Su culo suave y perfecto rebotaba con cada estocada, rozándome.
Solo esa sensación casi me hizo perder el control.
Miré su culo, hipnotizado.
«Tengo tantas ganas de follármela por el culo», pensé.
Ese agujero apretado…
ese culo perfecto…
La tentación me estaba devorando vivo.
Ese agujero apretado, virgen.
Mi polla deseaba explorarlo con locura.
Pero por ahora…
seguí follando su coño.
—Estoy a punto de correrme —susurró, echándose hacia atrás contra mí—.
Por favor…
no pares.
Como si fuera a parar.
Empecé a embestir más fuerte que nunca.
Cada estocada más profunda que la anterior.
Sus gemidos llenaron el ascensor, agudos y salvajes.
Pero en el fondo de mi mente…
solo podía pensar en salir y metérsela por el culo.

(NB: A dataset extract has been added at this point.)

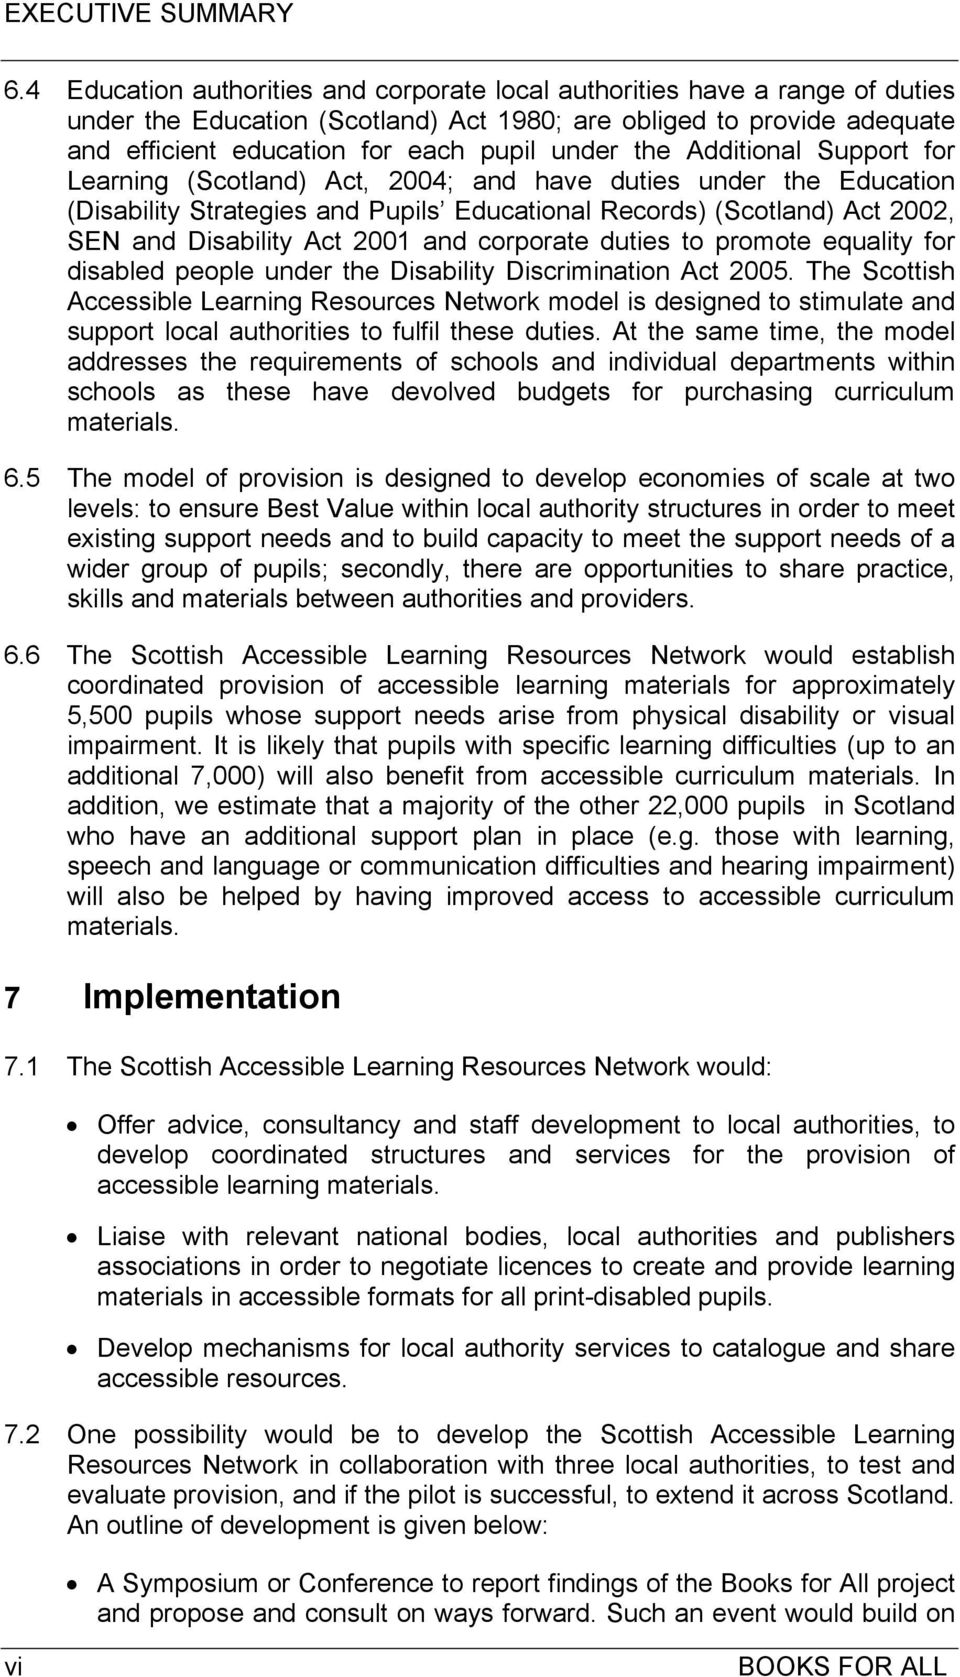 the Additional Support for Learning (Scotland) Act, 2004; and have duties under the Education (Disability Strategies and Pupils Educational Records) (Scotland) Act 2002, SEN and Disability Act 2001

Estaba perdiendo el control.
Pero entonces…
ella se corrió.
Su cuerpo se tensó.
Su coño se apretó alrededor de mi polla, inundándola de jugos.
Goteaban por mi miembro, cálidos y pegajosos.
Podía sentirlo todo.
¿Y esa humedad?
Me dio un segundo aliento.
La agarré de las caderas con más fuerza y embestí con más ganas.
Estaba a punto.
—Me corro, Lily —susurré.
—Córrete dentro —gimió ella, con voz lasciva y desesperada.
Eso fue todo.
Estallé dentro de ella, disparando profundamente.
Mi polla palpitaba, descargando en pesadas pulsaciones.
—Ahhh, Lily…
—gemí contra su espalda mientras seguía corriéndome, con las caderas temblando.
Seguí corriéndome durante lo que pareció una eternidad.
Ambos estábamos cubiertos de sudor.
Ella se inclinó ligeramente hacia atrás, todavía agachada, y yo me incliné sobre ella desde atrás para besarle los labios.
Entonces, lentamente, me retiré.
Mi polla goteaba, todavía dura, y aún no había terminado.
Empecé a frotar la punta en su ano.
Estaba tan apretado…
virgen.
Ella se tensó.
—Eh…
ahí no, por favor —dijo, un poco alarmada.
Pero entonces me devolvió la mirada con esa misma expresión cachonda en los ojos.
—Solo no la metas…
—susurró, mordiéndose el labio.
No me detuve.
Eso fue luz verde suficiente.
Seguí frotando la cabeza suavemente en su puerta trasera.
—Dolerá…
tengo el ano muy apretado, Alex —volvió a susurrar, pero con esa misma voz lasciva que me decía que no estaba totalmente en contra.
No podía parar.
Seguí frotando su ano con la punta, presionando lo justo para sentir la resistencia.
Solo podía pensar en cómo se sentiría meter mi polla hasta el fondo de ese agujero apretado.
Solo sentir la presión de su ano en mi punta estaba haciendo que mi polla se contrajera de nuevo.